# pellet vs kamado



## raptorchris

A year ago I bought my 1st grill for smoking, an Acorn Kamado Kooker. I am happy with my results, but I need more space. I'm torn between a larker kamado like a Big Joe or Primo Oval XL or going the pellet grill route. If it's a pellet, I'm torn between the Rec Tec and a Yoder YS640. Kamados are certainly more versatile, but the pellets are larger and easier. Anyone have experience with both?


----------



## seenred

I've never used a kamado, so I can't help you there, but I do own a Rec Tec and really like it a lot.  Its more versatile than many give it credit for being...it slow smokes to perfection, and can also grill delicious steaks and burgers.  Easy, consistent temp control is what first drew me to pellet burners, and my Rec Tec does that better than any other rig I've used.  I've never been sorry I made this purchase.  I know we have Yoder YS owners who feel the same way about their pits.

Red


----------



## mossymo

Have a Yoder YS640, a XL BGE and a Large BGE. 

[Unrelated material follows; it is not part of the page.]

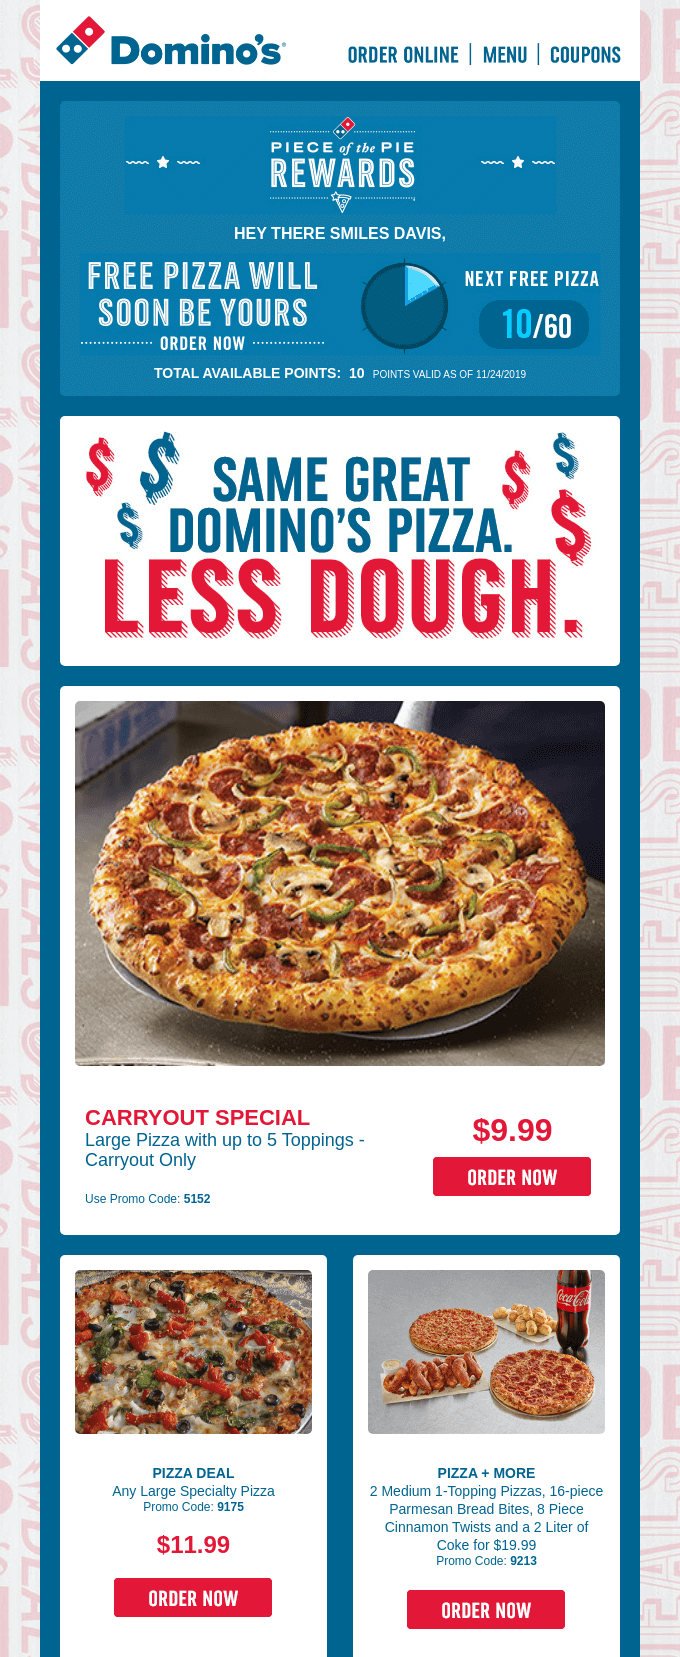 dominos_upselling example

The Yoder is good for just about anything and has plenty of room, it is at it's best for being a top notch steak searing machine.

BGE's are phenomenal and honestly great for just about anything.

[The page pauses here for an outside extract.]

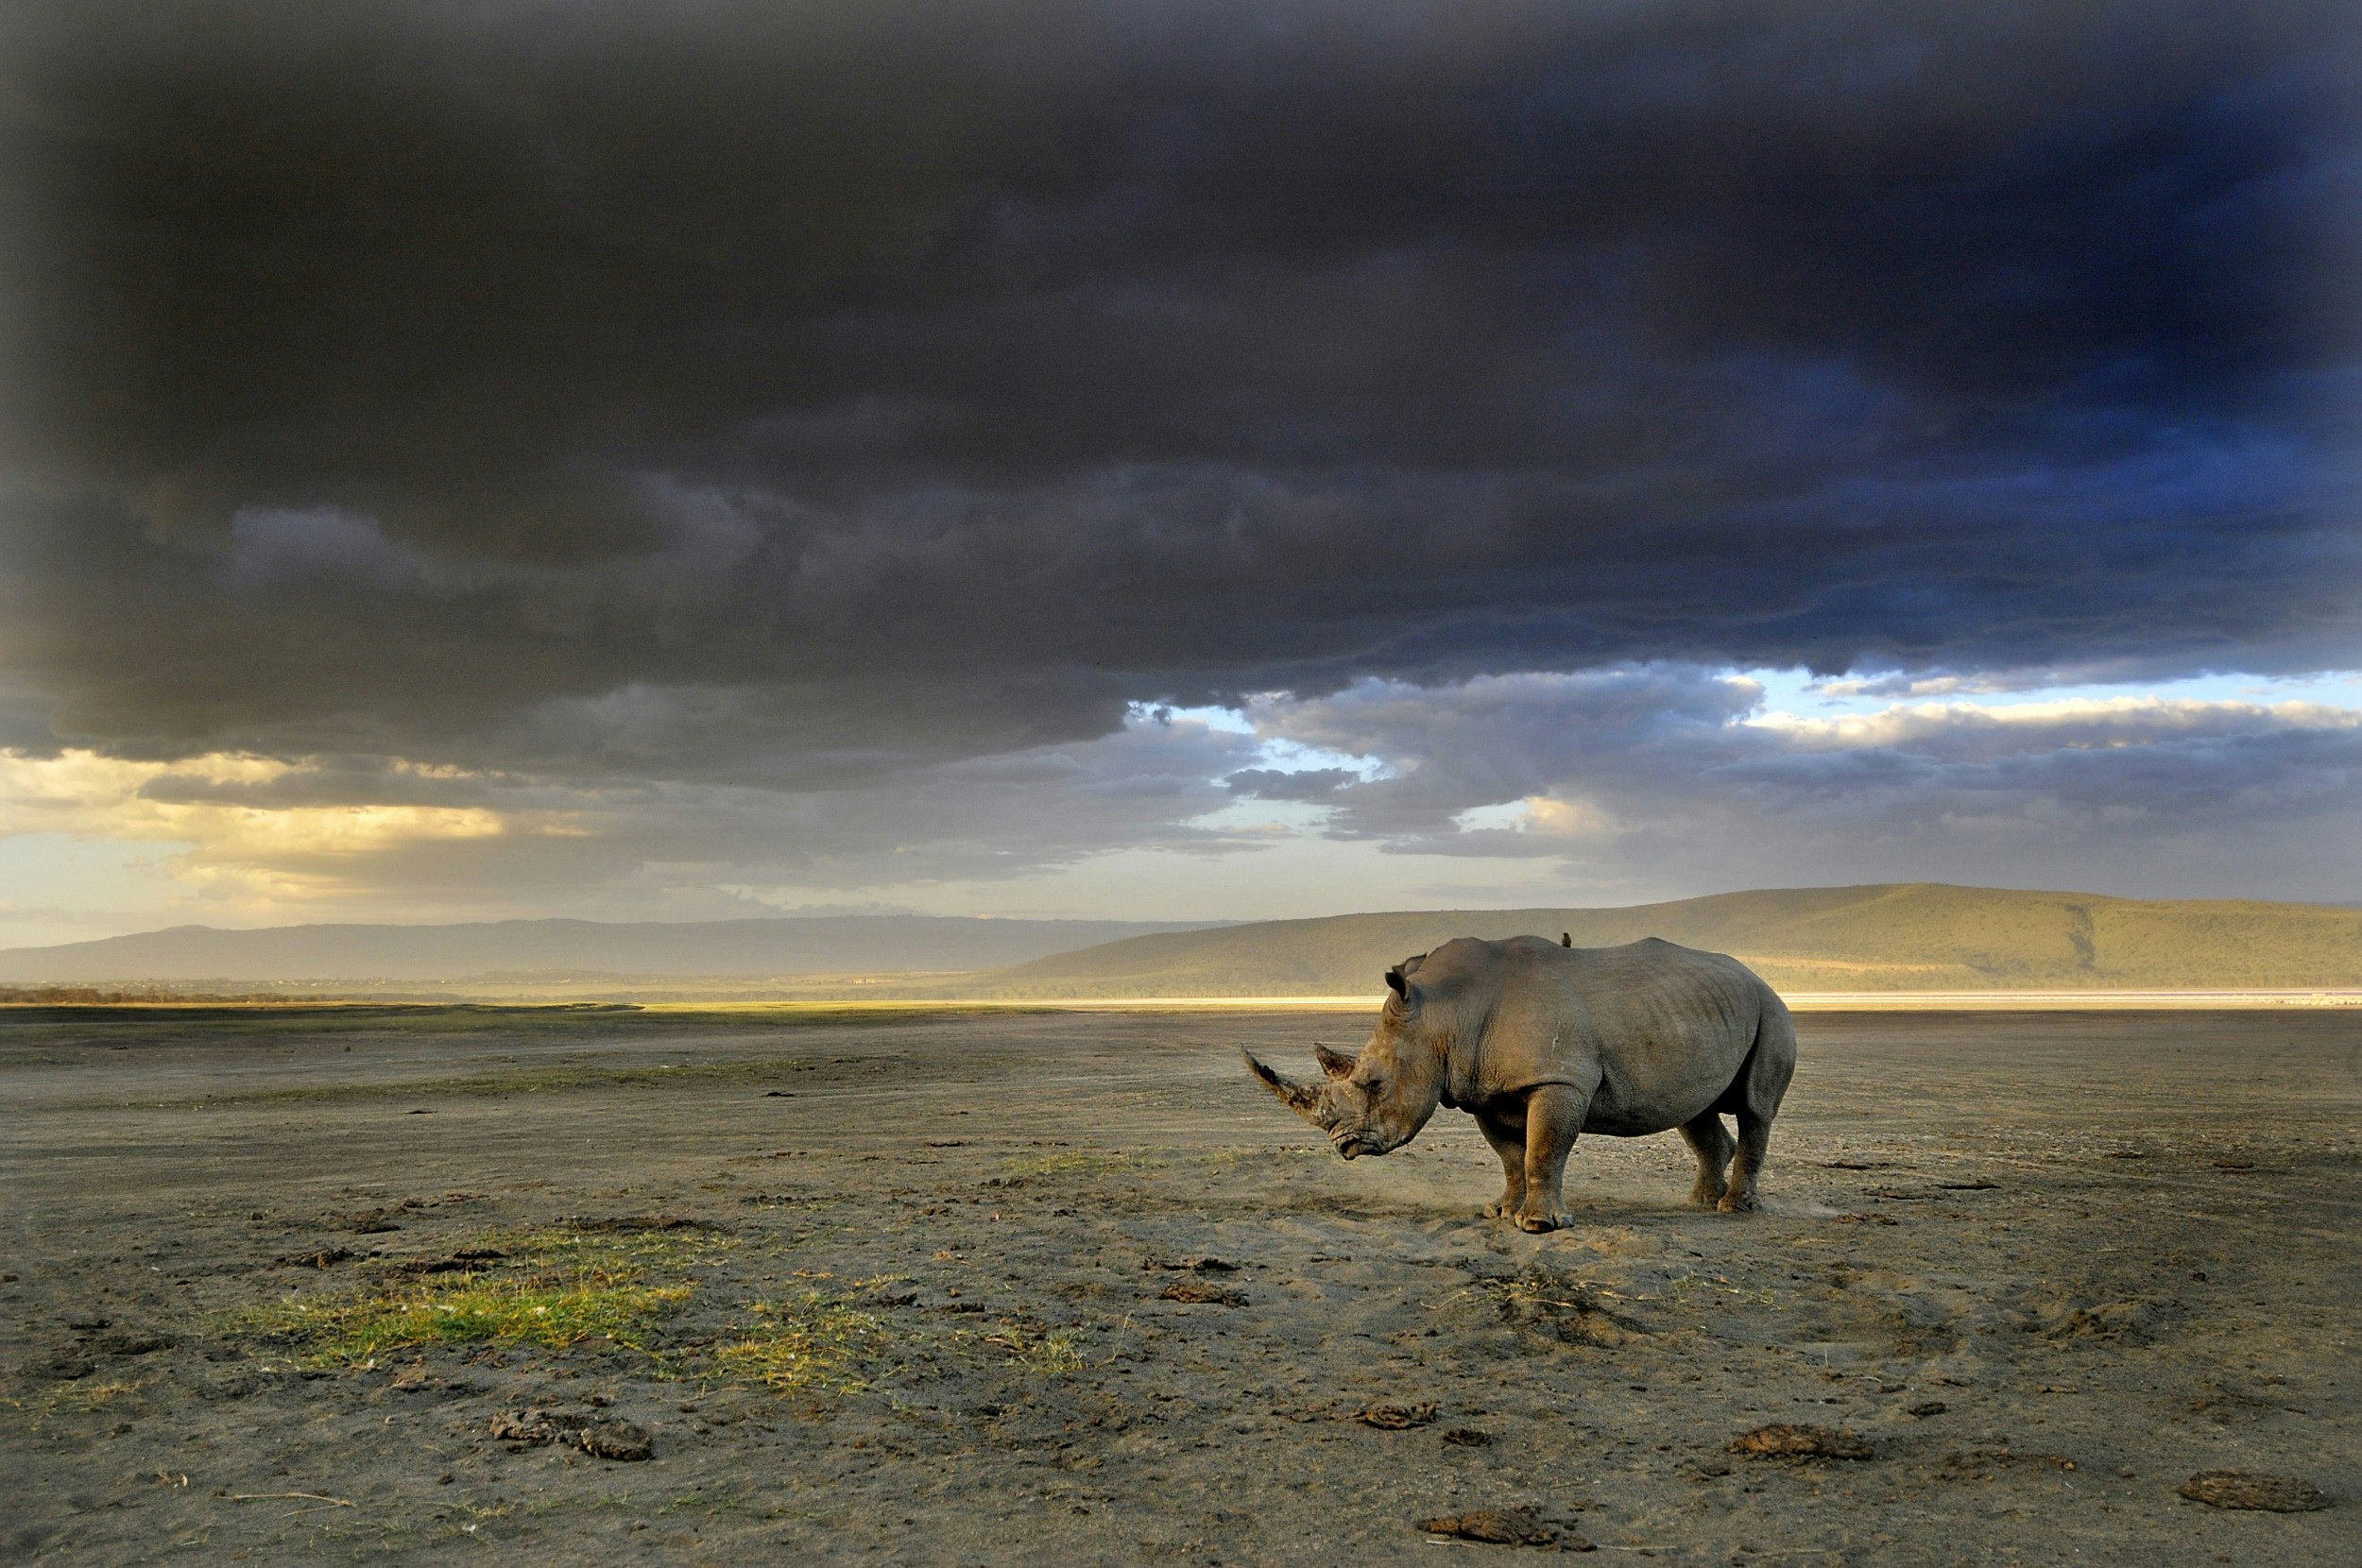 A white rhino awaits a rain storm that is on the horizon; it stands on the dusty shores of Lake Naivasha.

I have heard many of good compliments from Akorn owners but have never eaten off one myself.


----------



## raptorchris

MossyMo, what are your thoughts when comparing them all? Which one is your go to grill? Do you find you use each one for different cooks? How much more space do you have on the YS640 vs the XL BGE? How much more pellets do you go through on the Yoder vs lump coal on the BGEs? At 1 1/2+ lbs per hour on the Yoder, thats 18 lbs of pellets on a 12 hour overnight smoke vs my Akorn will only use maybe 5lbs of lump charcoal for the same cook? That's almost a full $20 bag of pellets vs 1/4 of a $13 bag of lump charcoal. $20 per cook vs $3.25 per cook is a big difference. Is that accurate? How about flavor. Some say pellet grills don't give enough of a smoke flavor. Others say it's just right without being over smoked. How does the pellwt compare to the BGEs? Sorry for soo many questions, but you having both are the perfect person to ask.
Thanks


----------



## mossymo

raptorchris said:


> MossyMo, what are your thoughts when comparing them all? Which one is your go to grill? Do you find you use each one for different cooks? How much more space do you have on the YS640 vs the XL BGE? How much more pellets do you go through on the Yoder vs lump coal on the BGEs? At 1 1/2+ lbs per hour on the Yoder, thats 18 lbs of pellets on a 12 hour overnight smoke vs my Akorn will only use maybe 5lbs of lump charcoal for the same cook? That's almost a full $20 bag of pellets vs 1/4 of a $13 bag of lump charcoal. $20 per cook vs $3.25 per cook is a big difference. Is that accurate? How about flavor. Some say pellet grills don't give enough of a smoke flavor. Others say it's just right without being over smoked. How does the pellwt compare to the BGEs? Sorry for soo many questions, but you having both are the perfect person to ask.
> Thanks



This is from owning the Yoder 2 years and Big Green Eggs less than 6 months, but my wife and I do cook more often than most off each.

Steaks - Yoder
Ribs - Big Green Egg
Pizza - Big Green Egg (but I haven't even tried in the Yoder, too dang good in the BGE)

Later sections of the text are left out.